Cujet, what is your take on using rotary engines in aircraft?

A good number of people have tried. It does not seem to work out all that well. The claims that a wankel engine can run on just about any fuel are very interesting. I've never seen that pulled off. Most of the time, they are conventional or turbocharged Mazda conversions that use high octane fuel, fly for a short time and are never seen again. This one is a great example.

 
I've come across a few claims that fuel consumption goes down as load goes up--part throttle they are not so good, whereas piston engines do well--but that they flip relative performance as throttle opens up. Dunno.
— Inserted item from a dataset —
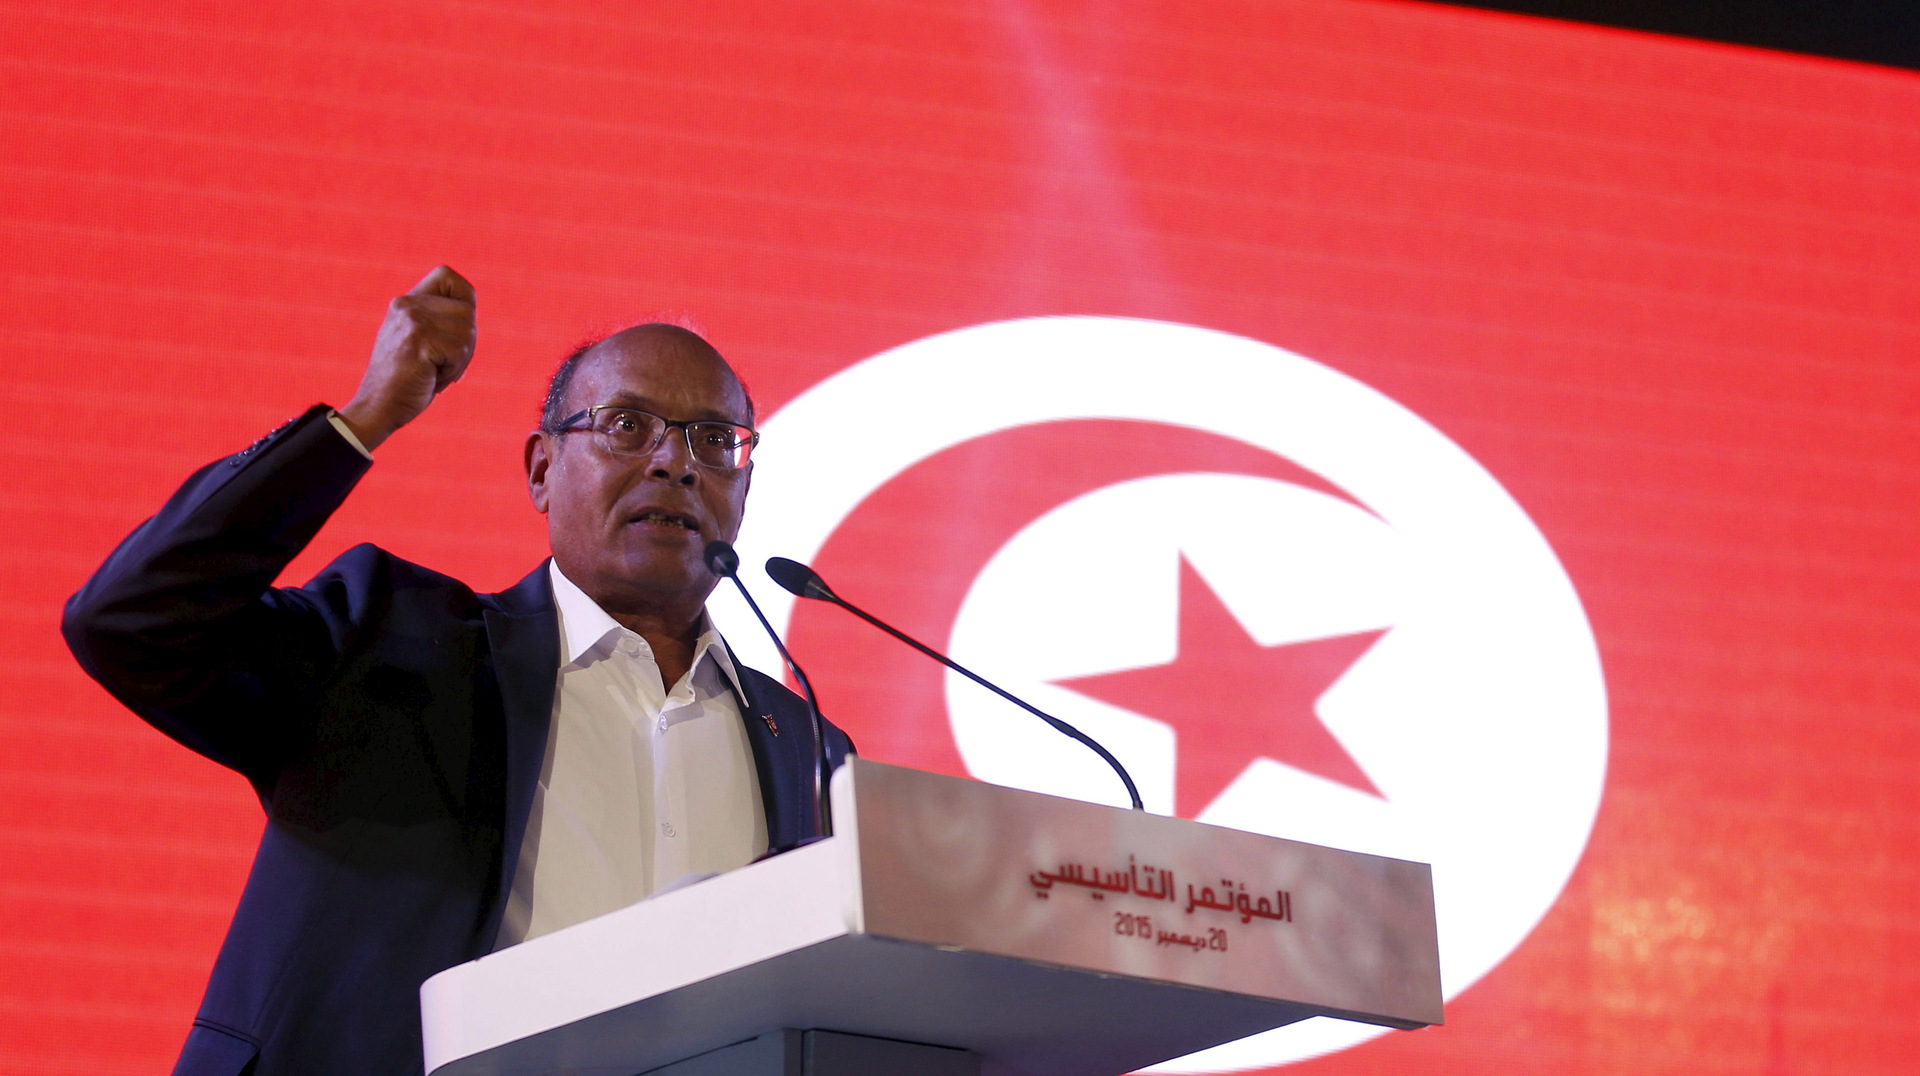 المرزوقي عن اتهامه ضمنيا بإحباط عقد القمة الفرانكفونية بتونس: أنا لا أقر بذلك فقط بل أفتخر

Certainly is the engine that just won't quite die and go away.
 
Cujet, what is your take
As for E85, dunno. Water and corrosion would have to be overcome. Seal the fuel system off when not in use? I wonder if somehow you could pressurize unused takes with something dry, either clean dry air or nitrogen (probably want to seal the tank off fully).

Or we could just do what Brazil did and design the engines to use hydrous ethanol then your point is moot but you would also need either glow plugs or a aux tank of 100ll / ether for cold starts.


The trouble with aircraft is there are very strong long standing legal aspects that force standardized platforms and fuel certifications.

The we can’t do it because we never did it aspect is very strong, you have many very old planes and it would take a long time before you had significant mass for the fuel to become common enough to carry.

Add into this the guy that invented the fuel nozzles to prevent lazy operators from miss fueling their plane with jet fuel died from a lazy operator force filling him with jet fuel. This would be another failure point like that

Lots of semantics to overcome, sort of like the affordable 6 passenger 42mpg diesel plane only a few people have 15 years on.